The entire Acholi region lived in fear for two decades. Each time the Ugandan government launched another campaign, it assured international allies that success was imminent. But attacks and counterattacks continued, and the army committed the same acts of arbitrary killing and rape that it was supposedly suppressing.
When the LRA claimed at first to be an advocate for the Acholi people, some in Uganda and abroad were sympathetic. Support vanished as its raids became more and more brutal. Paul Rubangakene, director of the Justice and Peace Commission of the Catholic diocese in Gulu, told me that in a rehabilitation camp for former LRA soldiers a commander responded to Paul’s request for information about an abducted boy: “Yes, I knew him—he was a very clever boy. So I beat him to death.” The boy was Paul’s nephew. His parents know that he died in an LRA camp, but Paul had not shared the horrific details.

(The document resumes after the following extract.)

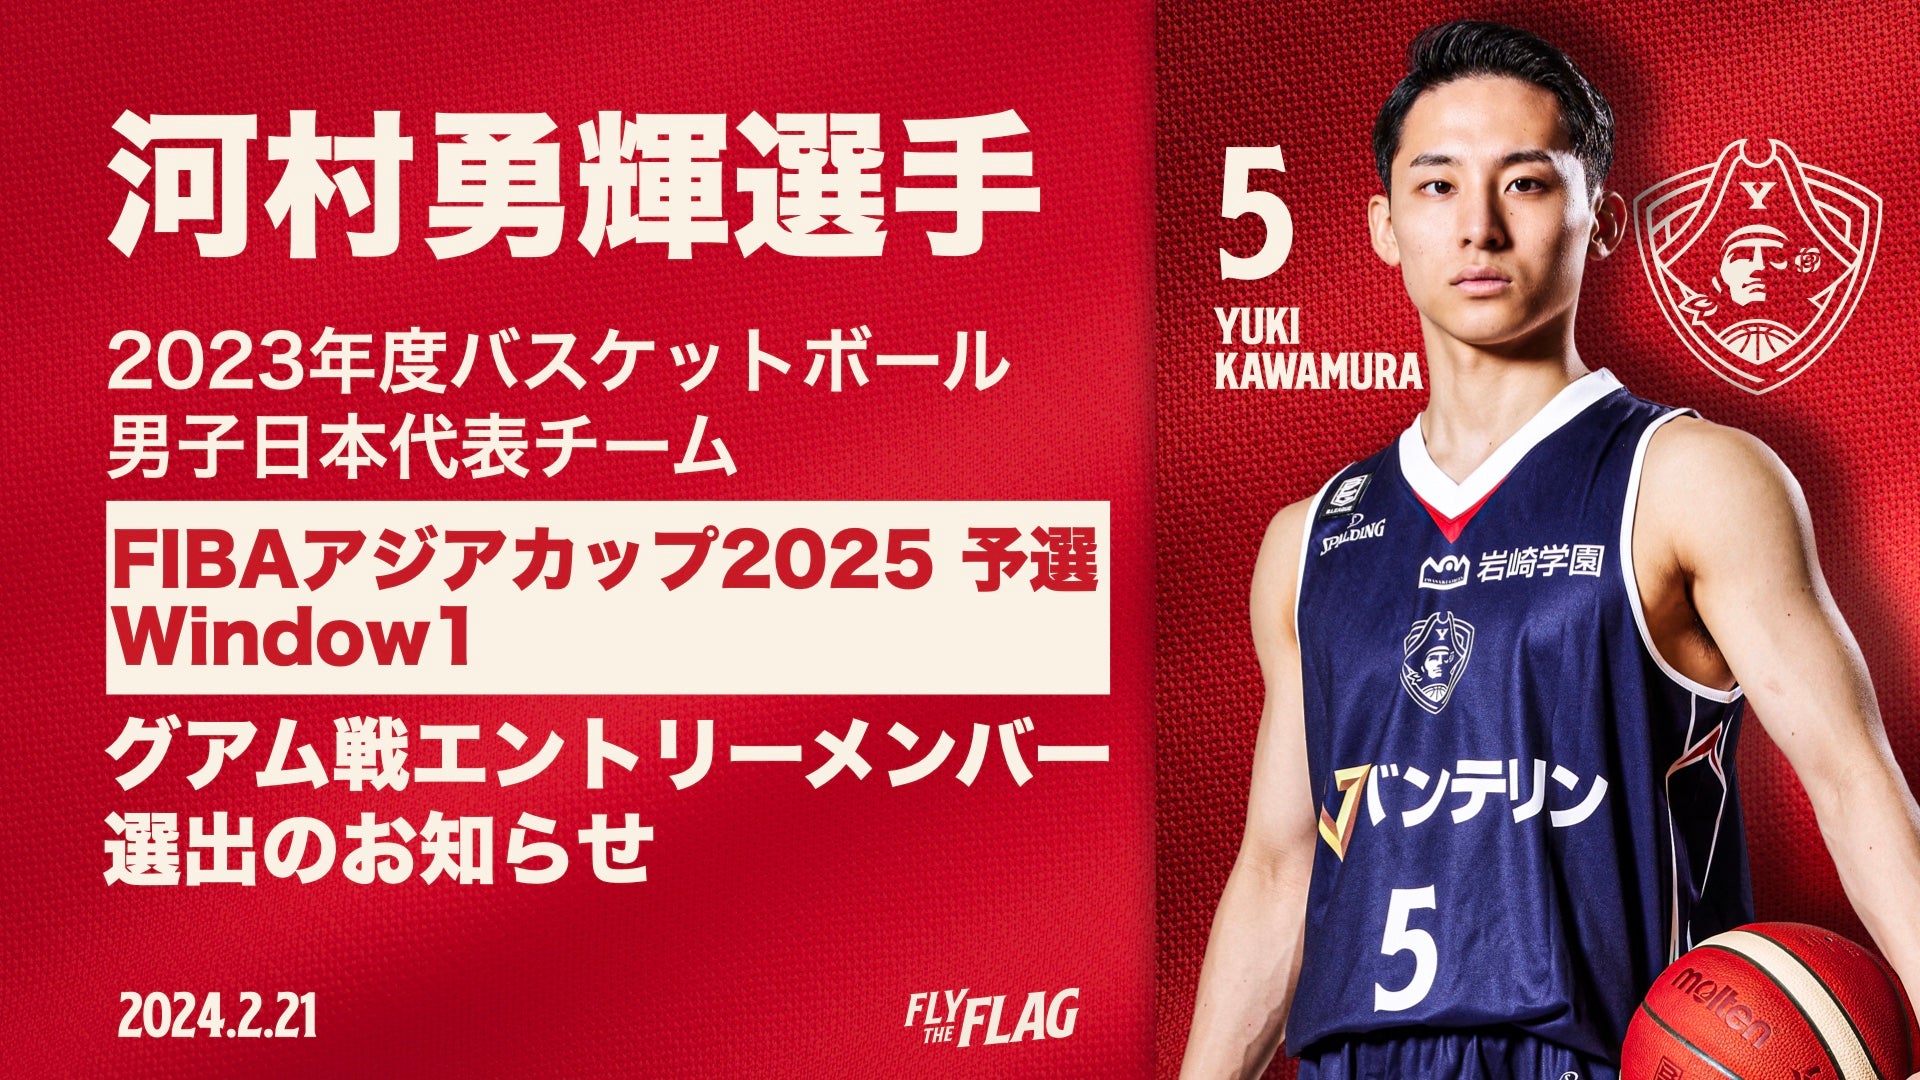 河村勇輝選手「FIBAアジアカップ2025予選」Window1 グアム戦 男子日本代表チーム エントリーメンバー選出のお知らせ

“You see, I keep a bullet-proof vest here in my office,” said Paul. “But it has been many years since I felt any need to wear it while traveling to villages in the region.” In the late 1990s, when he began working with residents of rural villages frequently attacked by LRA forces, the situation was very different. “At that time the government had control of the towns and trading centers,” he said, “but the LRA did whatever it wanted in the countryside and in isolated villages.”
On one trip to a village north of Gulu, Paul encountered an LRA ambush along the main road. Abandoning his vehicle, he fled into the bush and remained in hiding for two weeks until he could return home safely. Today a roadside monument honors fifty-nine victims of another incident at the same site, and memorial services are held there each year. These victims were fortunate simply to be shot dead and left behind, said Paul. In another raid nearby, LRA soldiers cooked the bodies of their victims and forced new abductees to eat them.
LRA violence peaked, Paul told me, from 1996 to 1998, when LRA troops were in frequent battle with government forces, and then again from 2001 to 2003, when LRA forces returning from training camps in Sudan stepped up their campaigns of looting and abduction. For two years Paul and his family were “night commuters,” fleeing nighttime raids on their village by rebel soldiers: together with thousands of others they walked several miles to Gulu each night to sleep on the grounds of the Catholic cathedral. During this period, Catholic Relief Services provided bedding, food, and other aid to all who needed it, whether they were Catholic, Protestant, or Muslim.